Die Selbstbestimmung von Pflegebedürftigen und deren Angehörigen werde noch immer viel zu wenig gefördert. Er kritisierte etwa den bürokratischen Hürdenlauf von Betroffenen, wenn es um den Wechsel in ein anderes Bundesland geht. Der Geringschätzung der alten Mitbürger entspreche eine immer noch viel zu geringe Wertschätzung des Pflegepersonals, die auch auf finanzieller Ebene feststellbar sei. Landau äußerte die Überzeugung, dass der Beruf des Altenpflegers in Zukunft immer wichtiger wird.
"Wie wir pflegen, sagt sehr viel über den Zustand einer Gesellschaft aus": Das unterstrich Clemens Sedmak, Professor für Sozialethik am Londoner King's College. Egal, ob pflegende Angehörige oder Pflegeprofis - ein tiefes Vertrauensverhältnis zwischen Pflegendem und Pflegebedürftigem sei unverzichtbar. Denn "wer möchte sich schon von einem Fremden waschen lassen?" - eine Tätigkeit, die neben Sachkundigkeit auch viel Empathie erfordere. Diese werde in der Qualitätsbeurteilung von Pflege aber viel zu oft vergessen, bemängelte Sedmak.
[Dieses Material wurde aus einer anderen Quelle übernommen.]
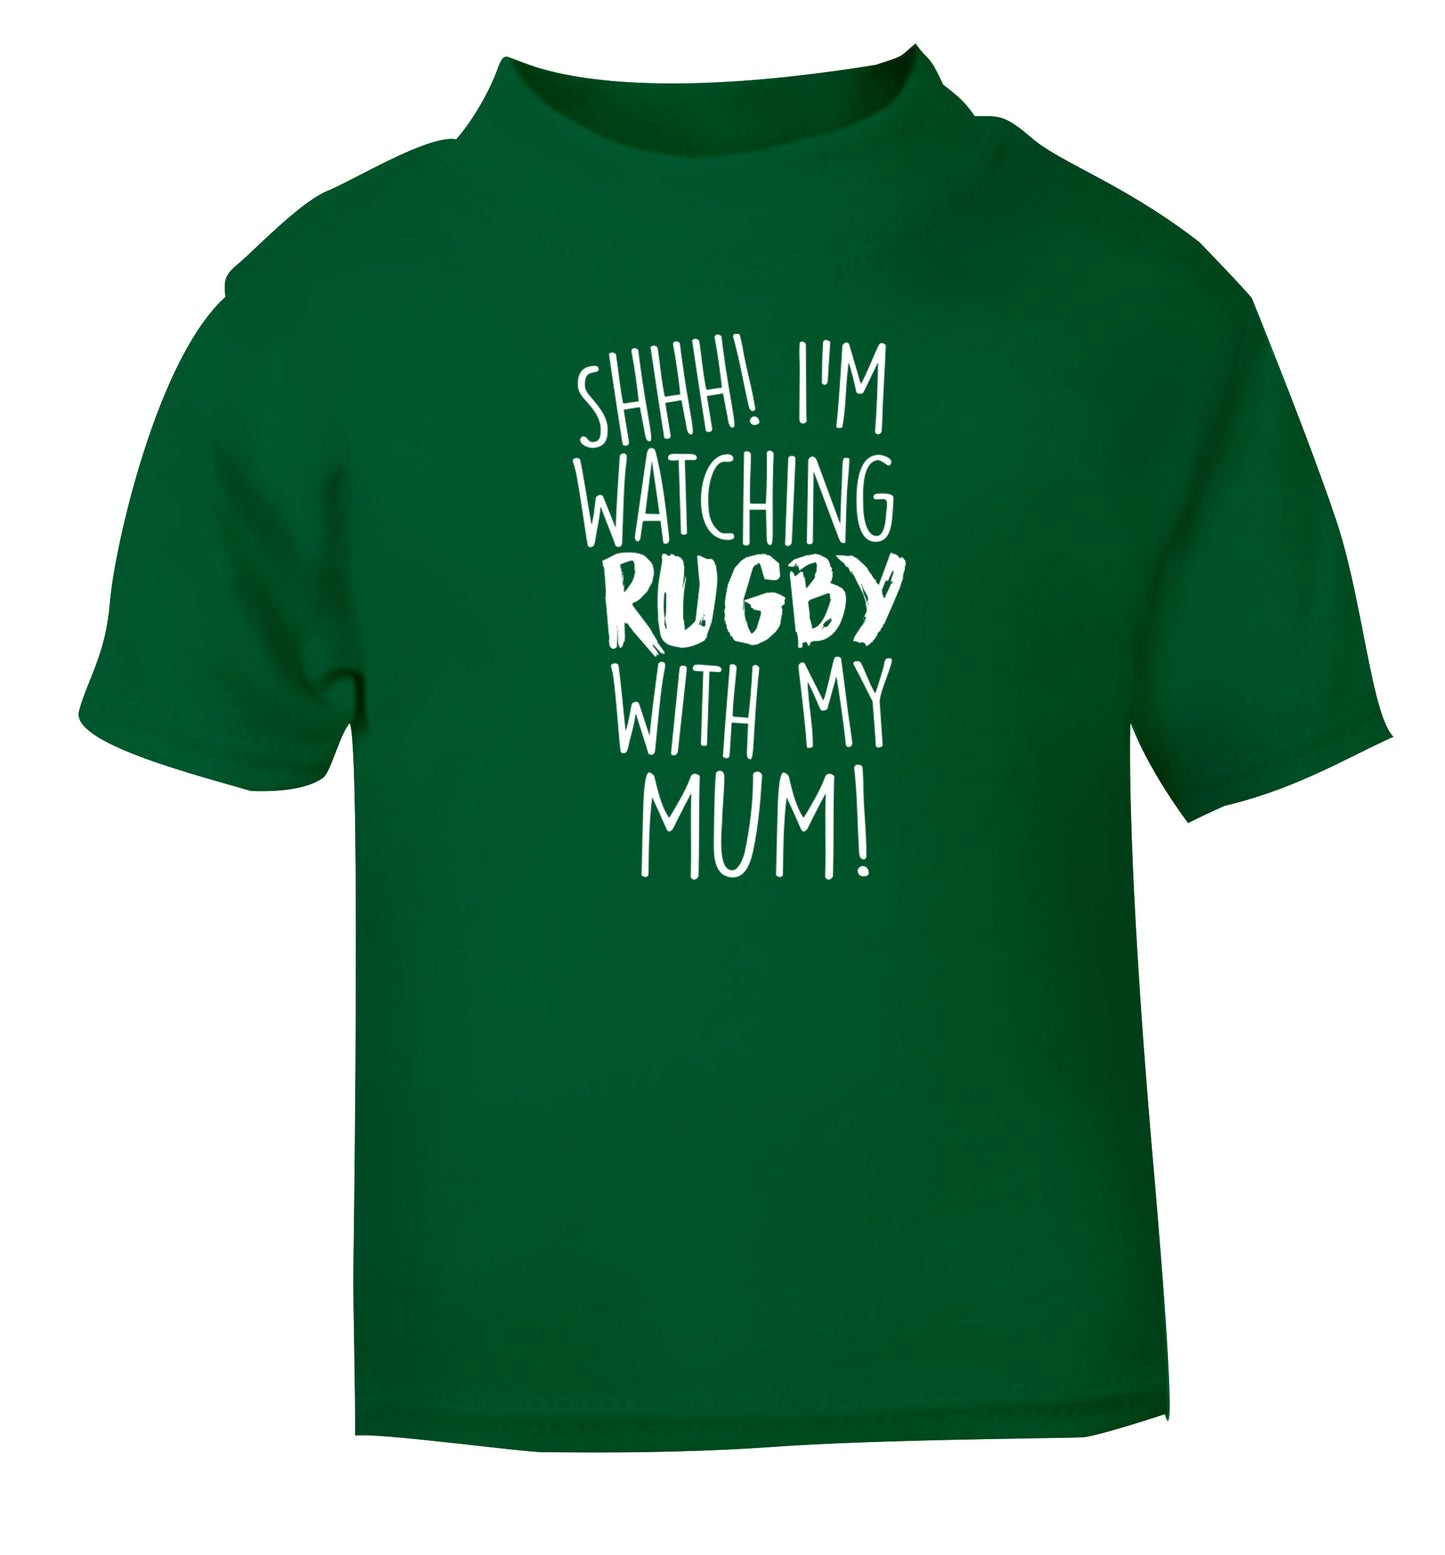 Shh... I'm watching rugby with my mum green Baby Toddler Tshirt 2 Years

Wichtig ist laut dem Sozialethiker eine Entlastung für pflegende Angehörige: "Niemand kann Tag und Nacht bereit sein", deswegen müsse man pflegenden Angehörigen Freiräume etwa in Form von bezahltem Urlaub zugestehen. Viele würden externe Hilfe aus falschem Stolz gar nicht in Anspruch nehmen. Hier gelte es den Menschen zu verdeutlichen, dass es in erster Linie den Pflegebedürftigen zugute kommt, wenn die Verantwortung auf mehrere Schultern verteilt ist.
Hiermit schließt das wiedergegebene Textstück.